It appears that when adding Affix.x as a variable, the LDL measure correlations no longer is predictive for /s/ duration. However, Affix.x and correlations are highly correlated with \(rho=0.78\), thus this may well be a masking effect.

Therefore, we may assume that correlations is just as good as predictor for /s/ duration as is Affix.x.

10 Simulation: ENGS+MALD

This attempt uses pseudoword + real word types, and pseudoword tokens. A and S matrix are simulated.
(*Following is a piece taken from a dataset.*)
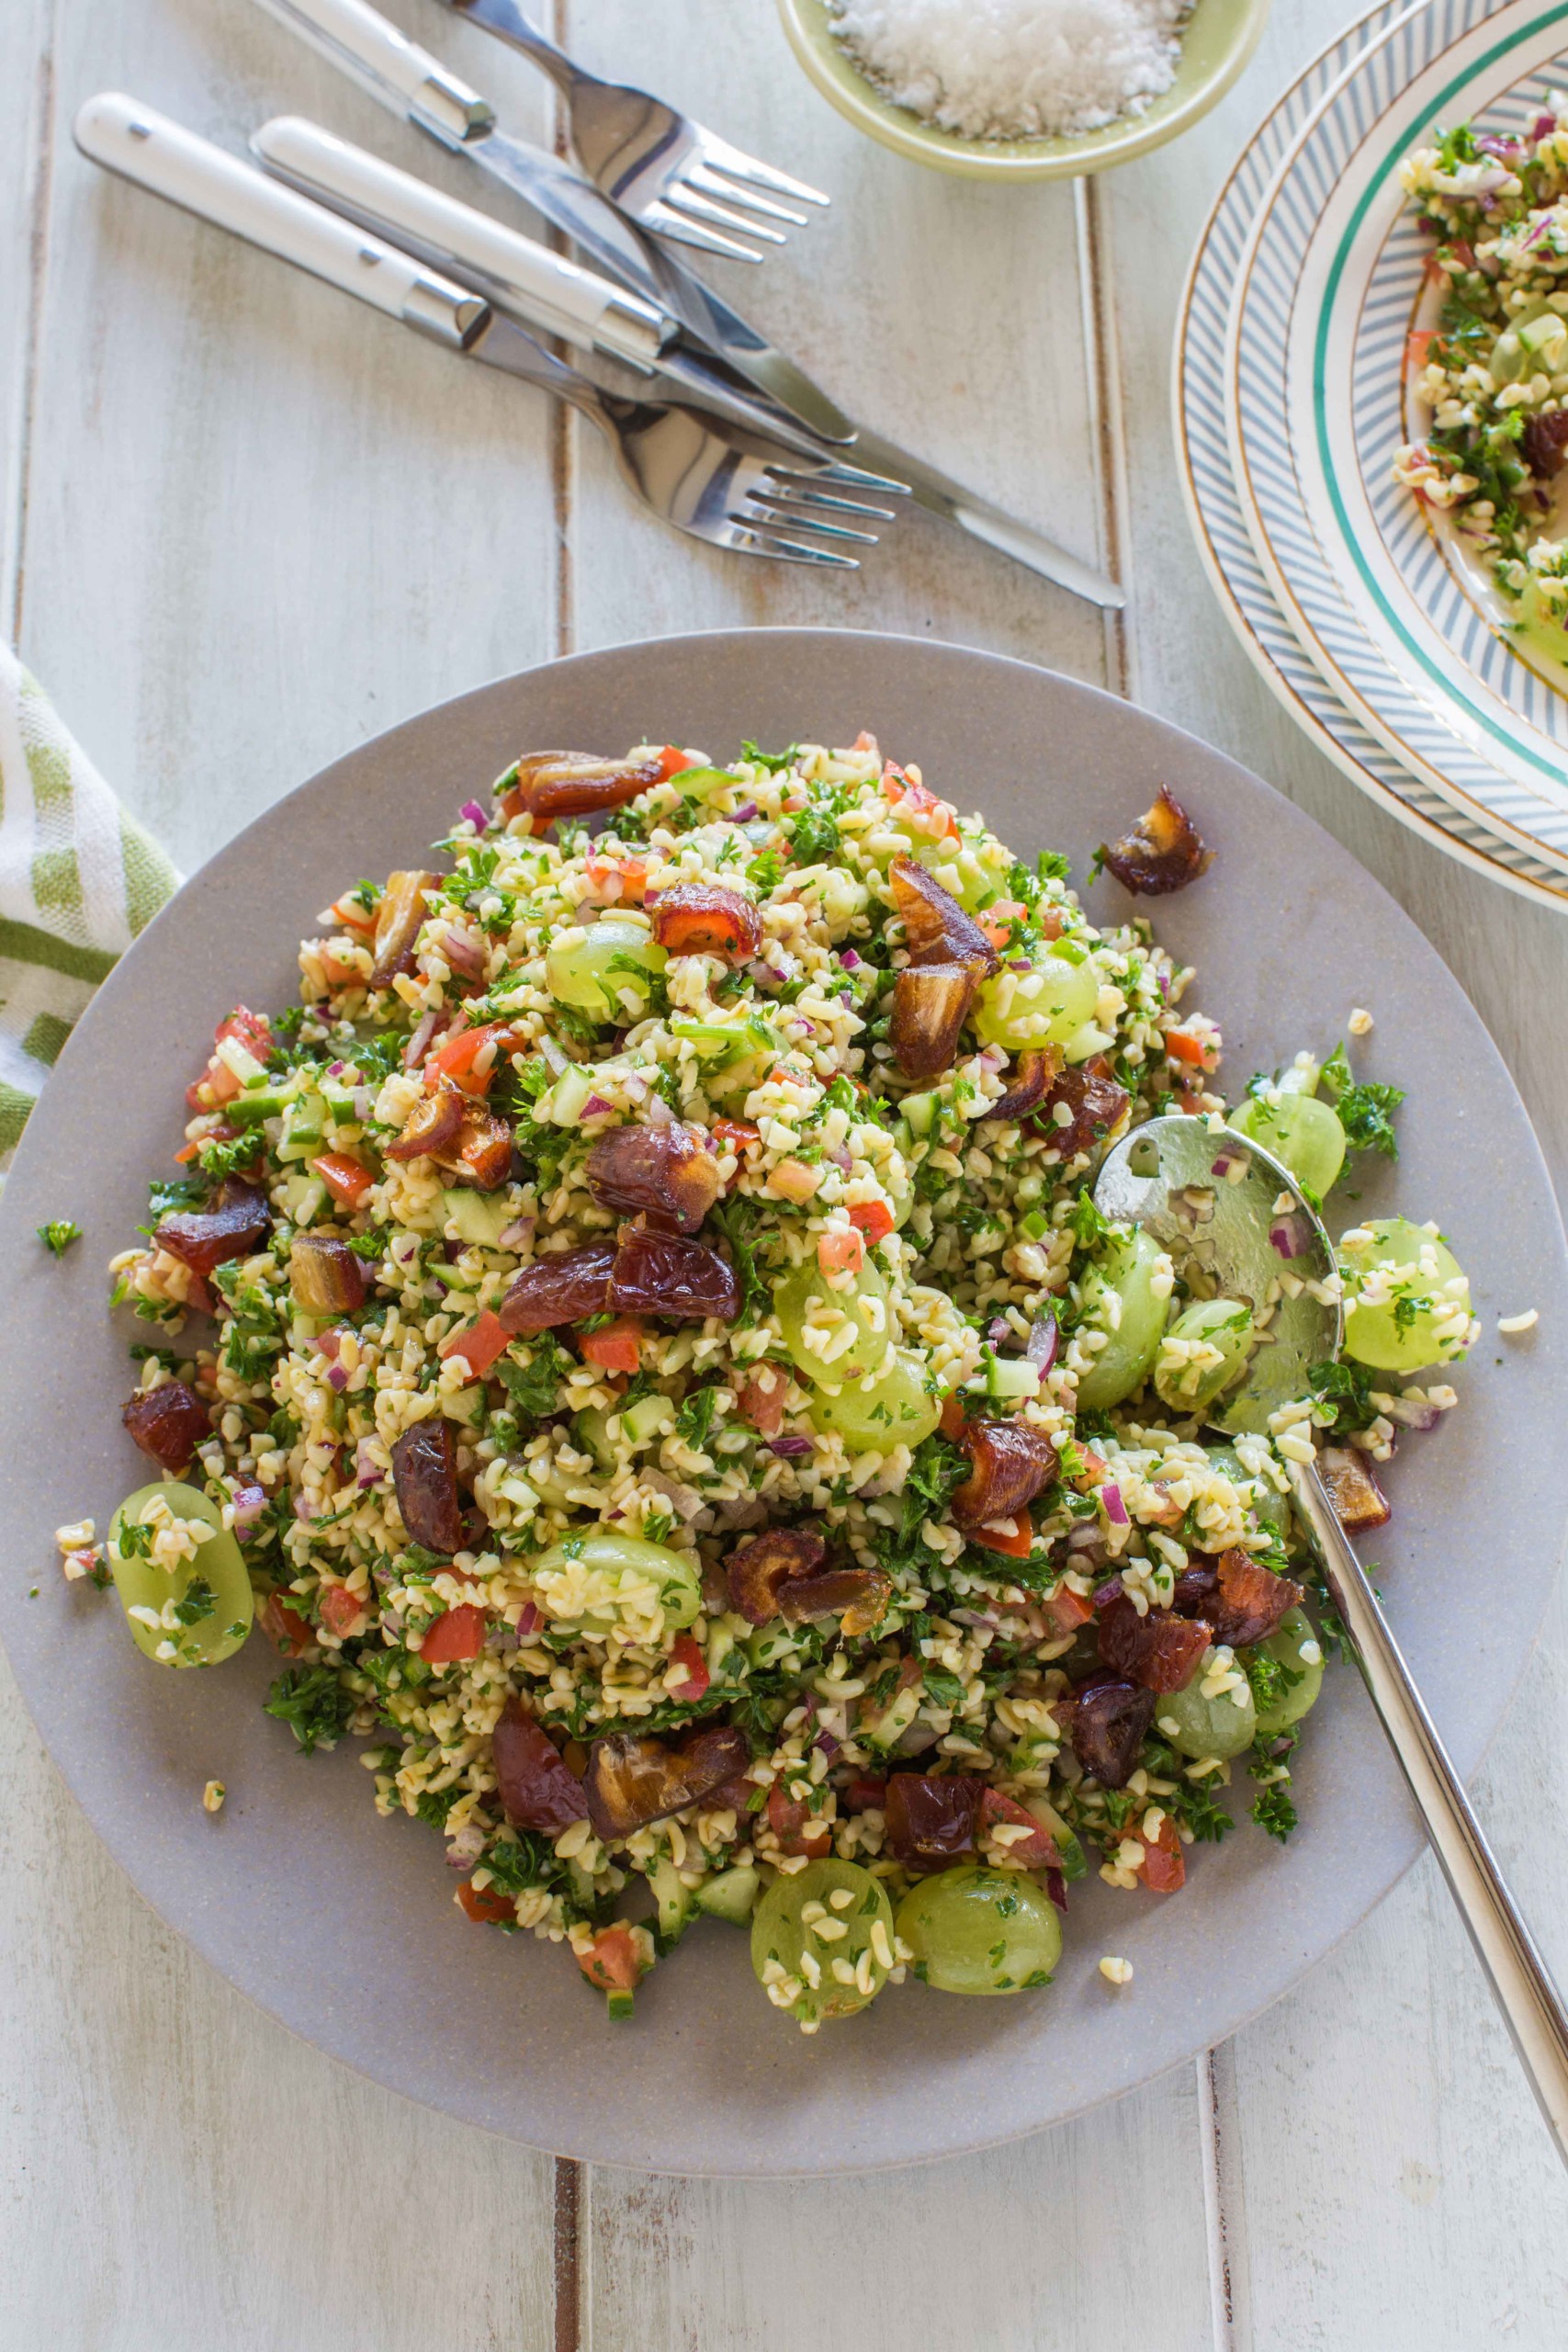 Tabouleh Salad with Parsley, Dates and Grapes - Nadia Lim
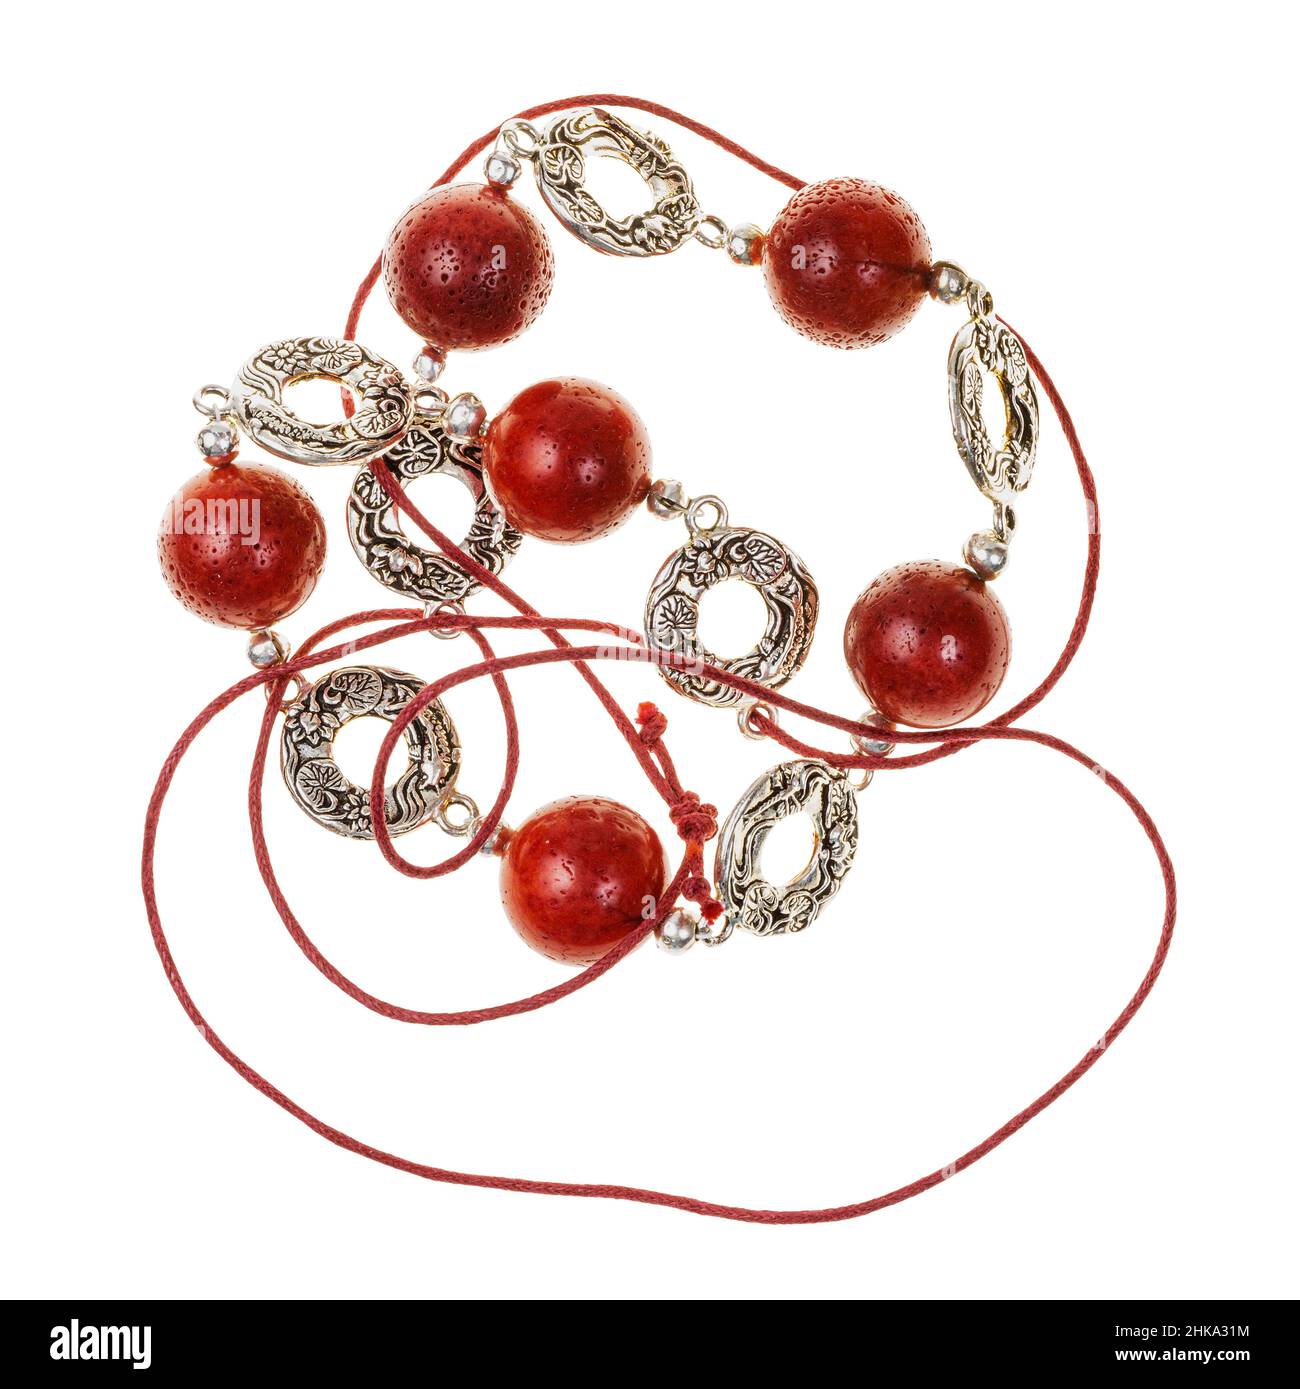 tangled handcrafted necklace of polished red coral balls and decorated silver rings on red leather cord isolated on white backhround Stock Photo

10.1. Matrices, Comprehension & Production

## load ENGS+MALD types data

data.comb <- read.csv("../data.comb.csv")

Matrices:

## pseudowords: C matrix

comb.cues = make_cue_matrix(data = data.comb, formula = ~ Word + Affix, grams = 3, wordform = "DISC")


## pseudowords: A matrix

# this simulates a semantic space for ALL words based on the dimensions of the C matrix
comb.Amat <- semantic_space(~ Word + Affix, data = data.comb, nrows=nrow(comb.cues$matrices$C), ncols=ncol(comb.cues$matrices$C)-2, with_semantic_vectors = TRUE, with_mvrnorm = FALSE, wordform = "Word")


## pseudowords: S matrix

comb.Smat = make_S_matrix(data = data.comb, formula = ~ Word + Affix, grams = 3, wordform = "DISC")

Comprehension:

# getting the mapping for comprehension
comb.comp = learn_comprehension(cue_obj = comb.cues, S = comb.Smat)
beep()


# evaluating comprehension accuracy
comb.comp_acc = accuracy_comprehension(m = comb.comp, data = data.comb, wordform = "DISC", show_rank = TRUE, neighborhood_density = TRUE)
beep()

comb.comp_acc$acc #0.9837631


# comprehension measures - funktioniert nur ohne affixFunctions
comb.comp_measures = comprehension_measures(comp_acc = comb.comp_acc, Shat = comb.comp$Shat, S = comb.Smat)
beep()

Production:

# getting the mapping for production
comb.prod = learn_production(cue_obj = comb.cues, S = comb.Smat, comp = comb.comp)
beep()


# evaluating production accuracy
comb.prod_acc = accuracy_production(m = comb.prod, data = data.comb, wordform = "DISC", full_results = TRUE, return_triphone_supports = TRUE)
beep()

comb.prod_acc$acc #0.9990449


# production measures
comb.prod_measures = production_measures(prod_acc = comb.prod_acc, S = comb.Smat, prod = comb.prod)
beep()

Export measures:

write.csv(comb.comp_measures, "comb.comp_measures_simulated.csv")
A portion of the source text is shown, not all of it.